# Chapter 4 Stratified SRS

In a stratified sample the population is first divided into \(H\) groups, known as **strata**, using auxiliary information on the frame. Each unit \(i\) in the population on the frame is placed into one and only one stratum on the basis of a stratification variable, or variables, \(X_i\).

There are \(N_h\) units in stratum \(h\), and these stratum sizes add to the population size
\[\begin{eqnarray*}
N &=& \sum_{h=1}^H N_h
\end{eqnarray*}\]
The **stratum fractions**
\[\begin{eqnarray*}
W_h = \frac{N_h}{N}
\end{eqnarray*}\]
add up to 1:
\[\begin{eqnarray*}
\sum_{h=1}^H W_h &=& 1
\end{eqnarray*}\]

In a stratified SRS we independently draw \(n_h\) units by SRSWOR from each stratum \(h=1,\ldots,H\). The sample weights of units in stratum \(h\) are \[\begin{eqnarray*} w_h = \frac{N_h}{n_h} \end{eqnarray*}\] The total sample size is \[\begin{eqnarray*} n &=& \sum_{h=1}^H n_h \end{eqnarray*}\]

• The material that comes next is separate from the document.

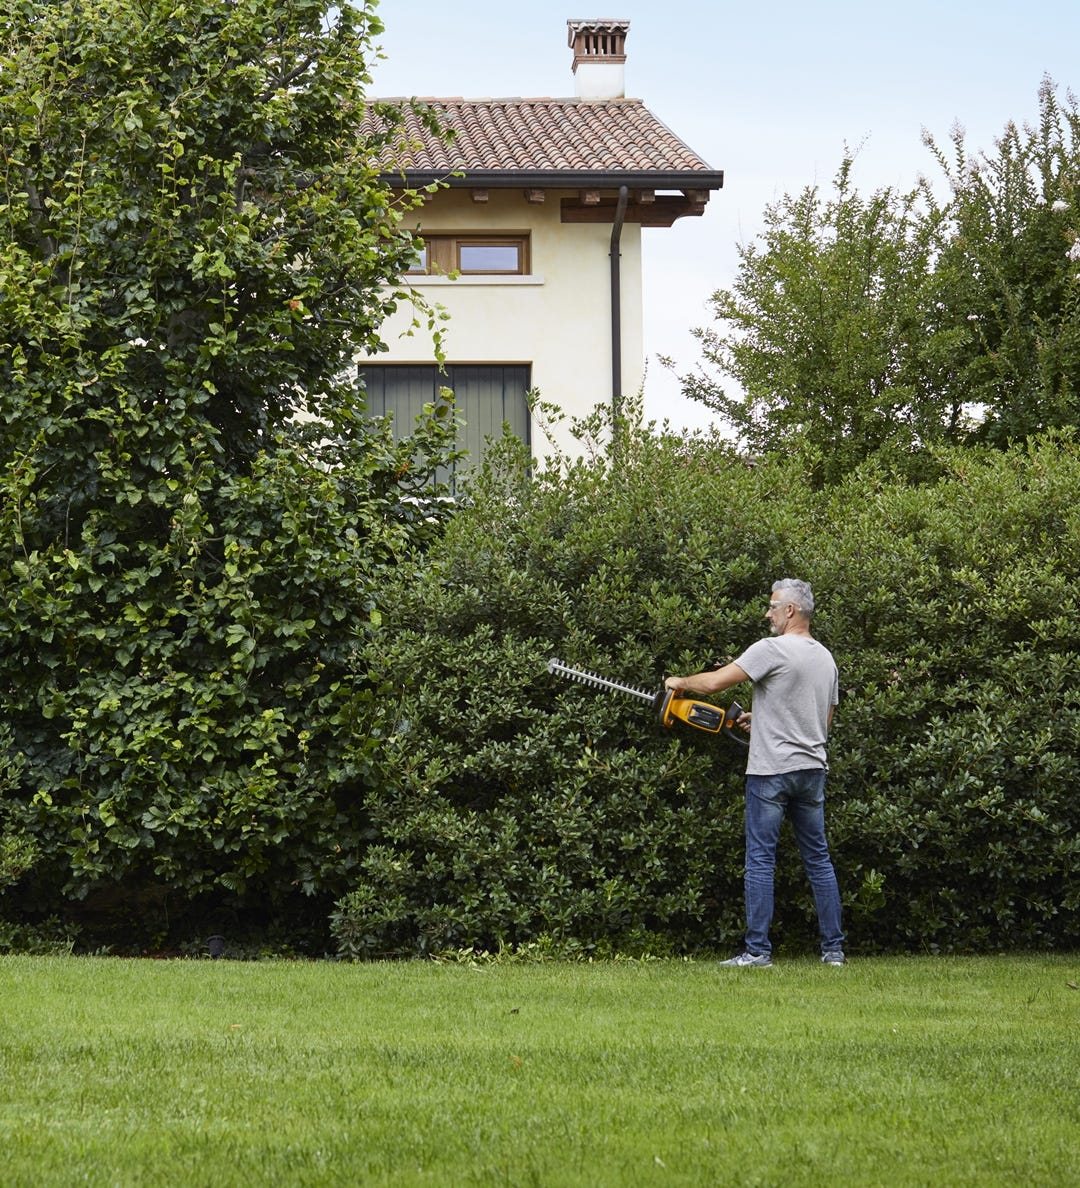 stiga-outils-jardinage-sans fil-batterie

## 4.1 Specifying a Stratified SRSWOR design

In order for iNZight to carry out an appropriate analysis of a Stratified SRSWOR, we need to identify which units in the sample come from which stratum, and we need to specify the stratum sizes \(N_h\). In iNZight this means

- adding a column to the dataset with the label \(h\) of the stratum to which each sample unit belongs, and then
- adding a column to the dataset with the stratum size \(N_h\) associated with the stratum to which the sample unit belongs, and then
- telling iNZight that the data should be treated as a Stratified SRSWOR, and specifying the columns with the stratum labels and stratum sizes.

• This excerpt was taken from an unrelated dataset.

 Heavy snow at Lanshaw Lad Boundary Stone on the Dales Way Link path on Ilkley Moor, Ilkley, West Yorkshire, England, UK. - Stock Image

We’ll assume that the two extra columns are already in the data set under consideration.

To tell iNZight to use these columns:

`Dataset > Survey Design > Specify Design`

- In the
`Strata variables`

box choose the name of the stratum label variable - In the
`Finite population correction`

box choose the name of the population size variable - Click
`OK`

Note that we can clear the specification of a sample design just by going

`Dataset > Survey Design > Remove Design`

## 4.2 Example

In the `apistrat`

data set in the example data supplied with iNZight in the `survey`

package there is a stratified SRS of California Schools. The sample is stratified by School Type (`stype`

), and the stratum sizes \(N_h\) are listed in the column `fpc`

. There are \(H=3\) School Types (\(h=1=\)`E`

=Elementary, \(h=2=\)`H`

=High and \(h=3=\)`M`

=Middle: note that these are always presented in graphs and output in alphabetical order: Elementary then High then Middle, even though the logical order would be E, M then H).

Before specifying any Survey Design, `Get Summary`

on the variable `stype`

shows that there are \(n_1=100\) Elementary Schools, \(n_2=50\) High Schools and \(n_3=50\) Middle Schools in the sample, and these are respectively 50%, 25% and 25% of the **sample**.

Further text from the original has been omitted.